------ COLLECTED DATA ------

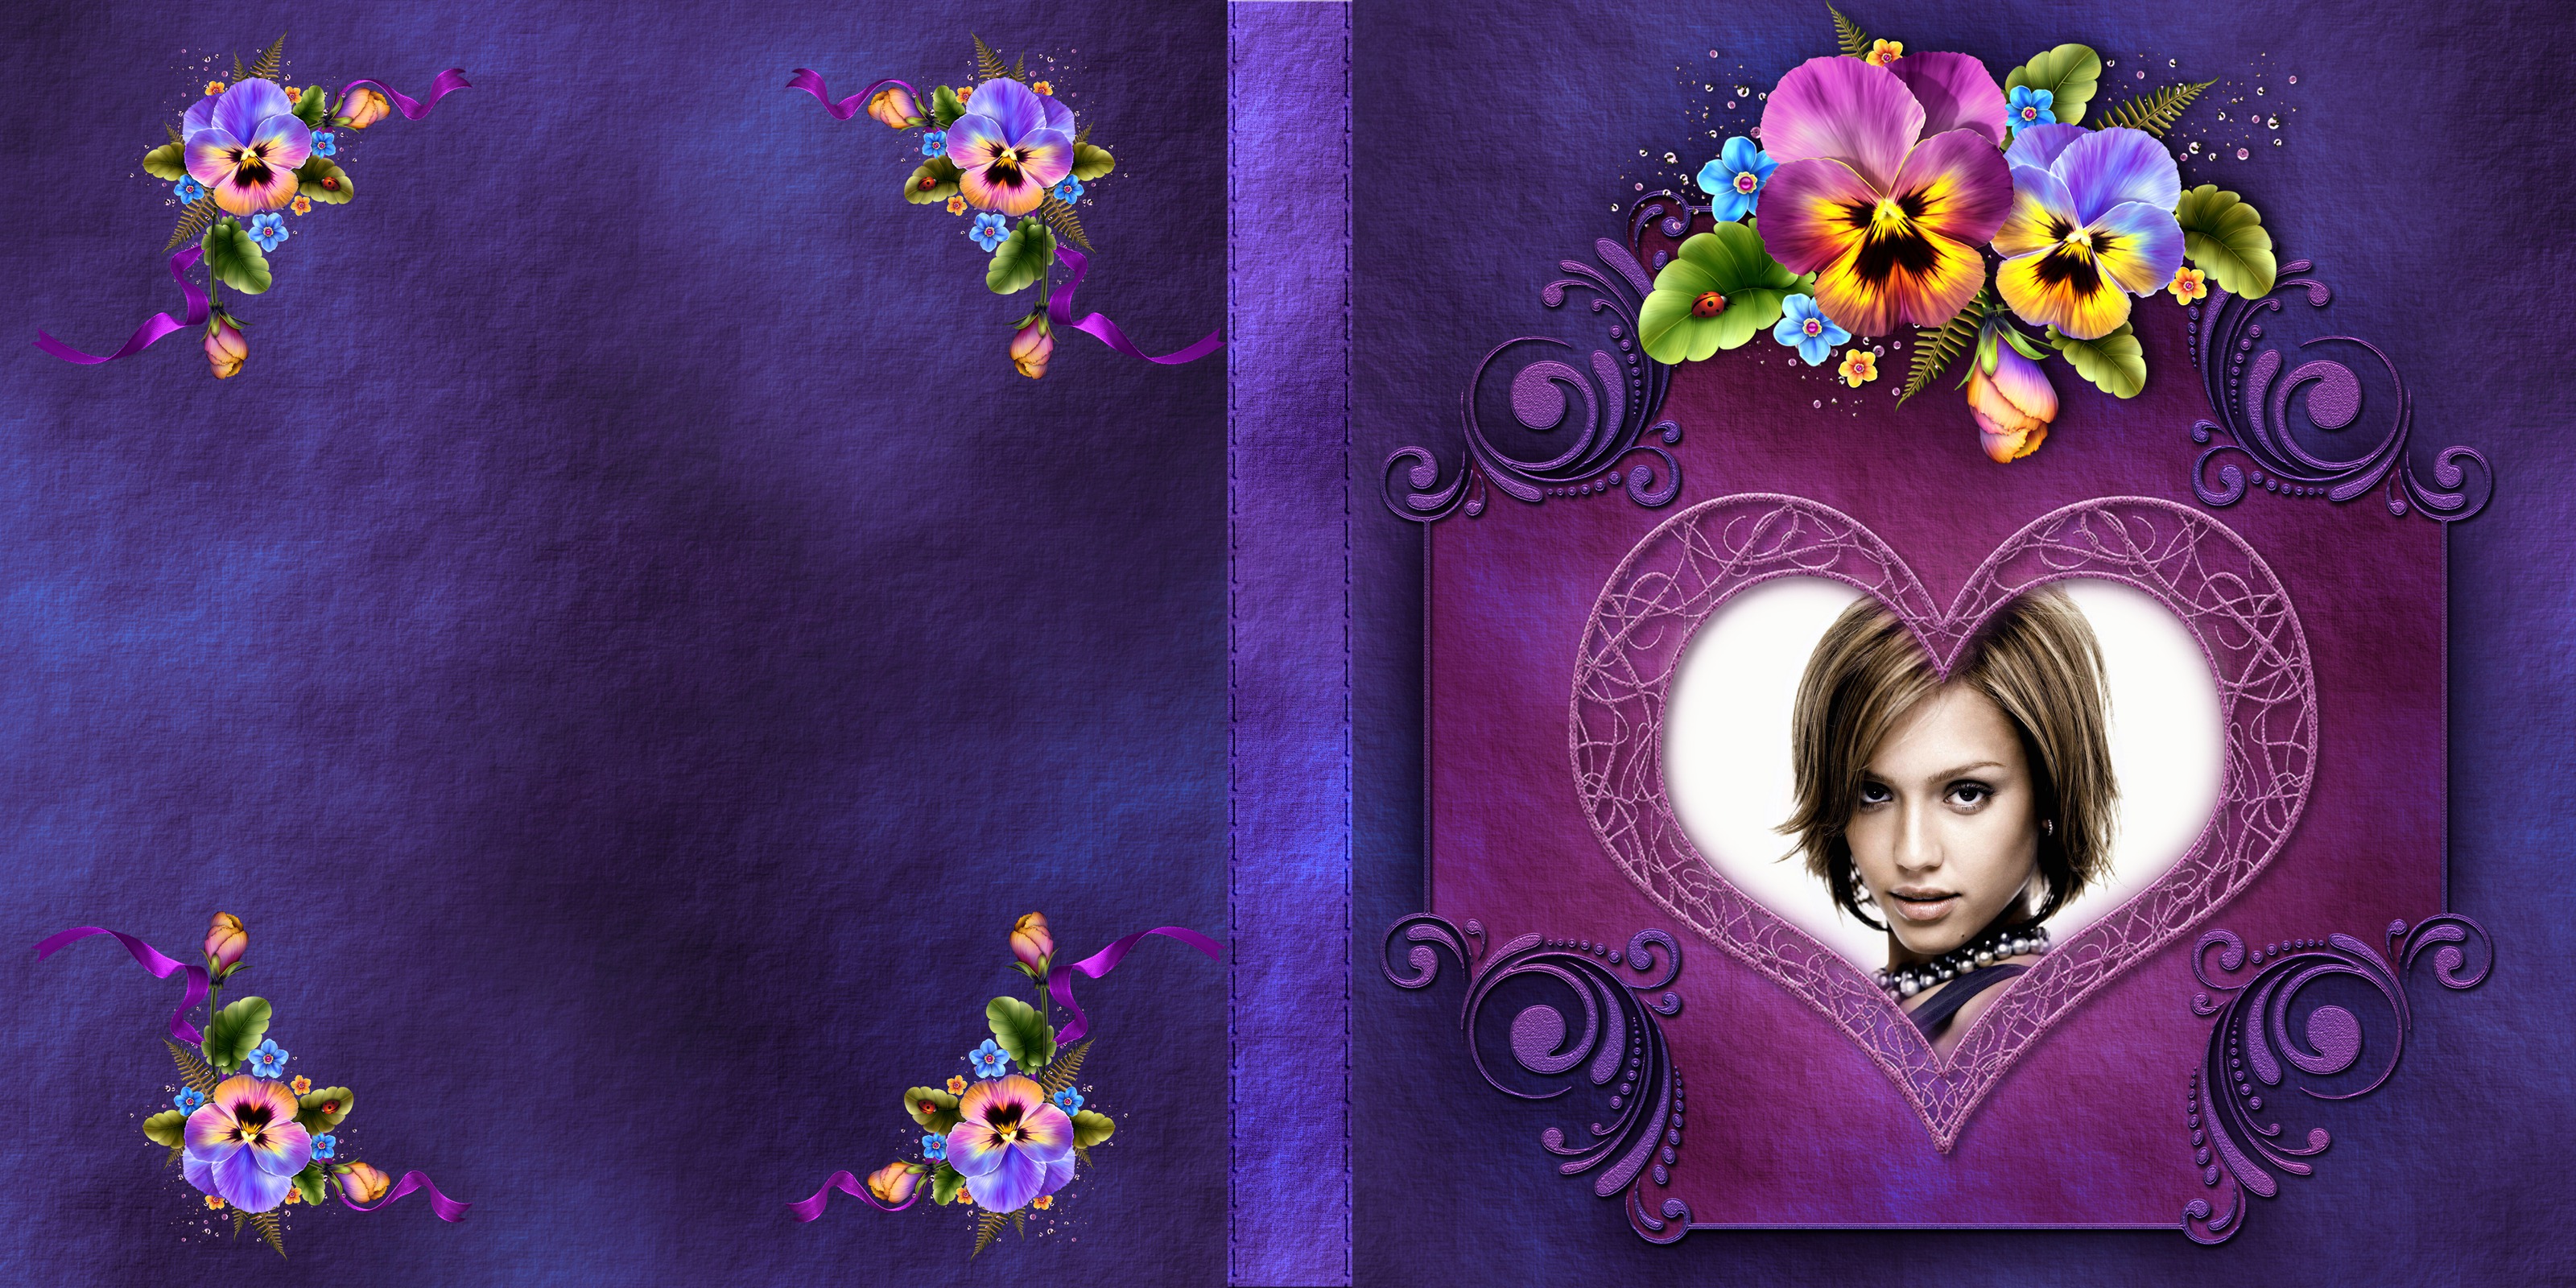 Copertina di libro viola con fiori #1 Fotomontaggio
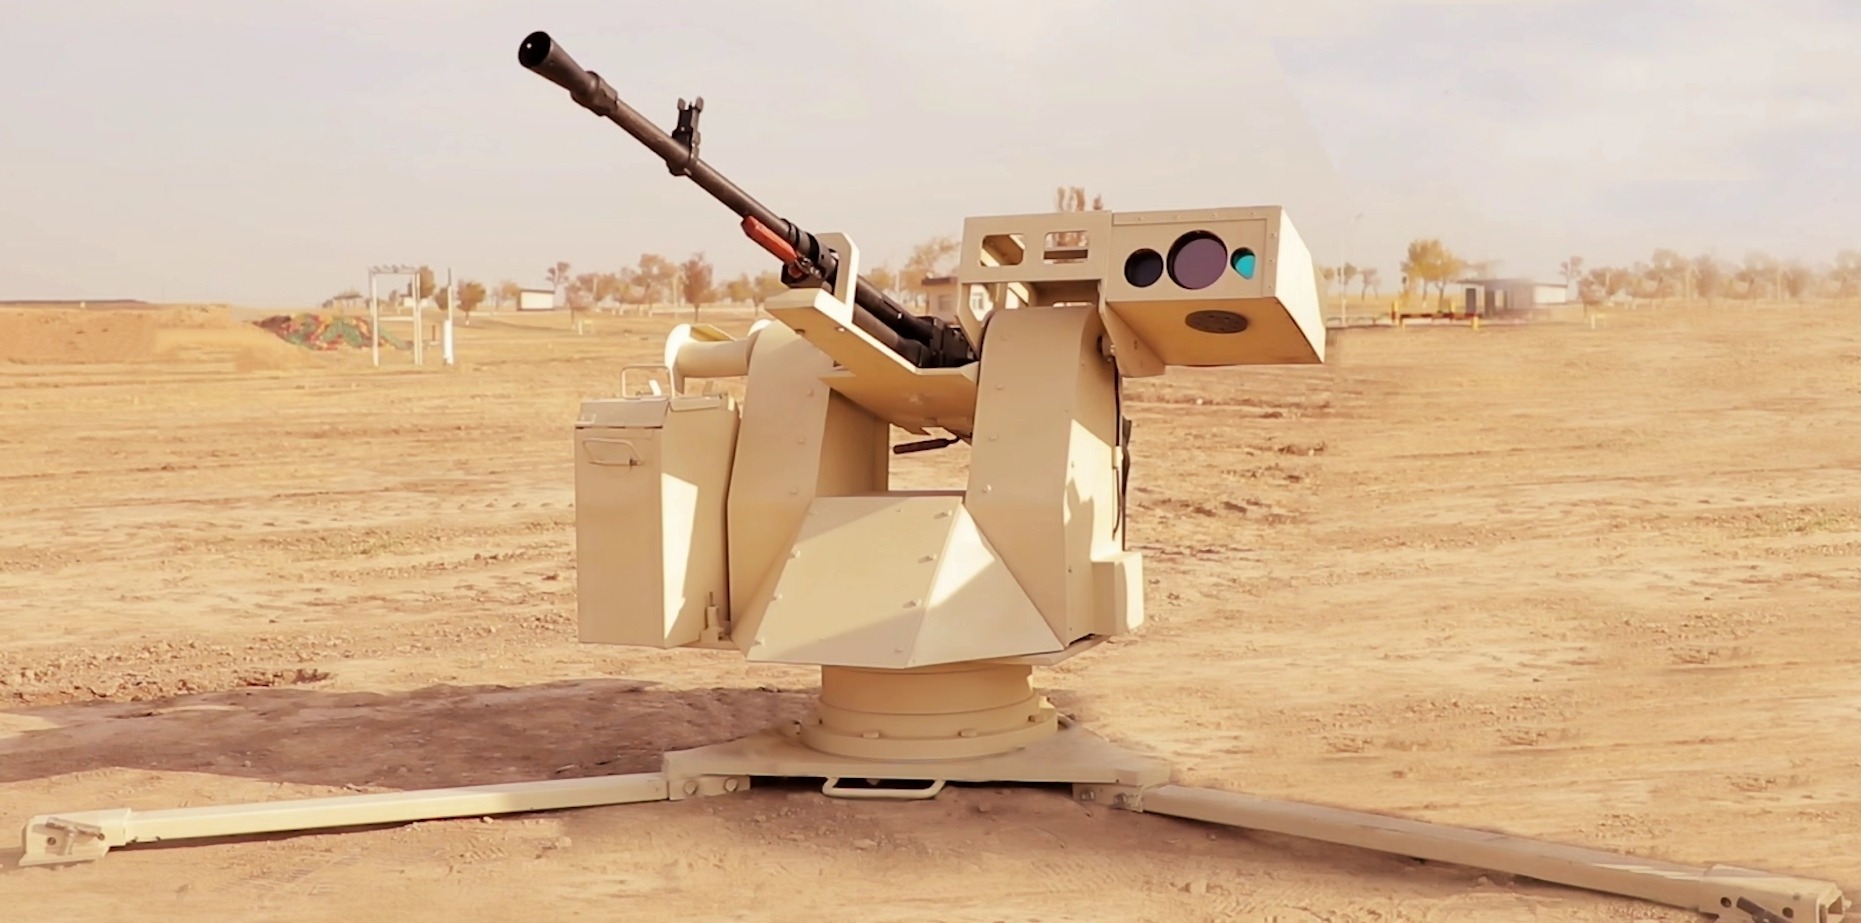 Дистанционный боевой модуль на базе крупнокалиберного пулемета «Утес», созданый в Узбекистане
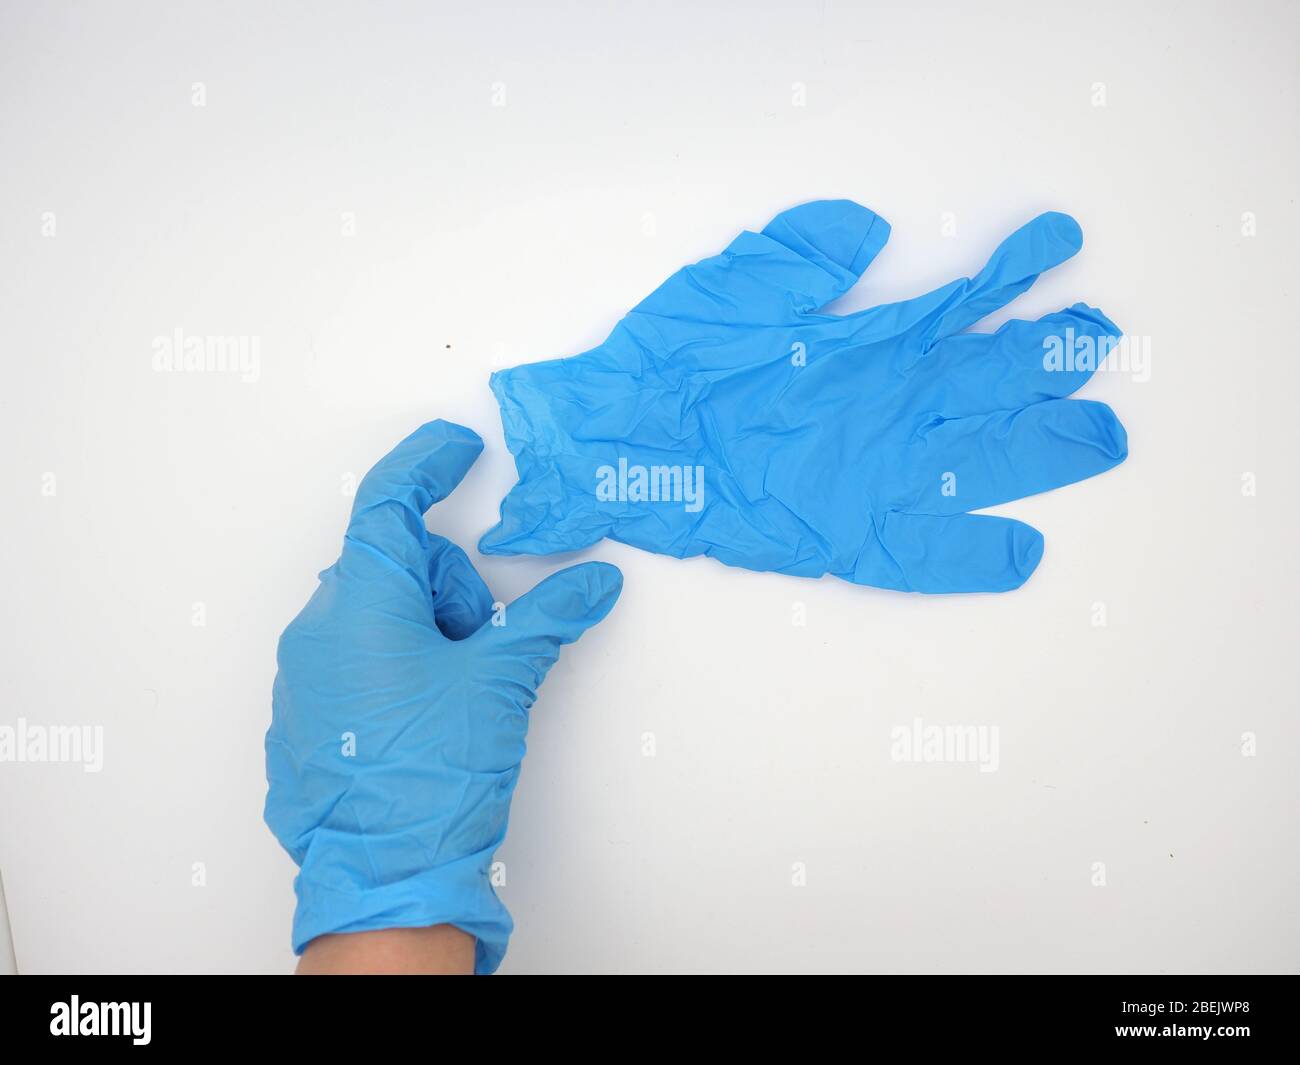 Mano con un guante desechable azul (PPE) alcanzando y recogiendo un par de gafas protectoras, Londres, Reino Unido Foto de stock
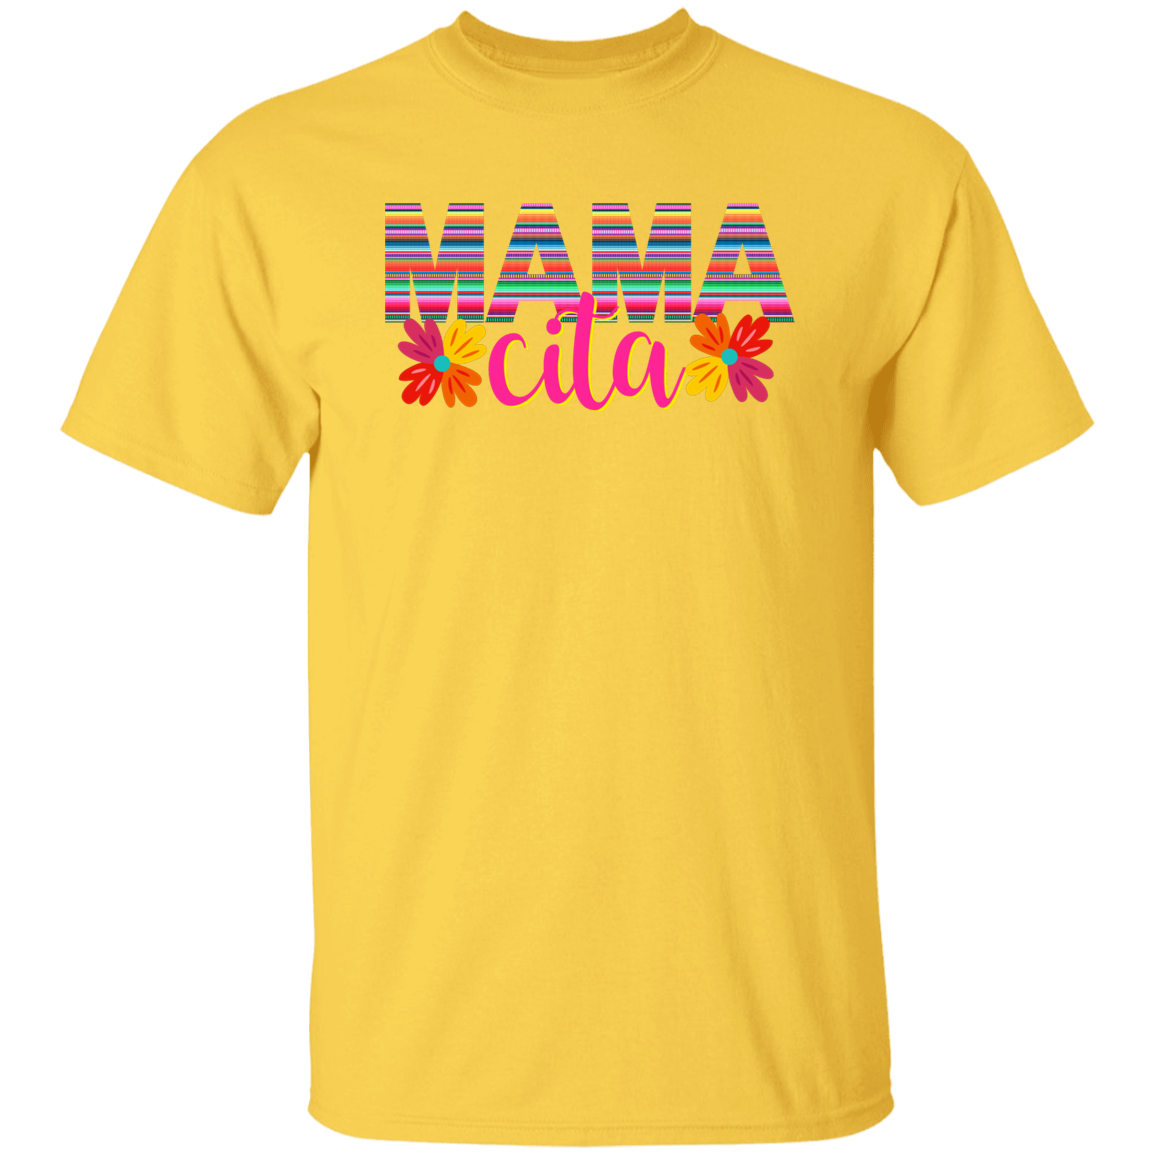 Mamacita flowers shirt

------

→ **PROBLEM TO SOLVE**:
Repeat the material above exactly; any picture in it is left out.

→ **ANSWER AREA**:
 Copertina di libro viola con fiori #1 Fotomontaggio
 Дистанционный боевой модуль на базе крупнокалиберного пулемета «Утес», созданый в Узбекистане
 Mano con un guante desechable azul (PPE) alcanzando y recogiendo un par de gafas protectoras, Londres, Reino Unido Foto de stock
 Mamacita flowers shirt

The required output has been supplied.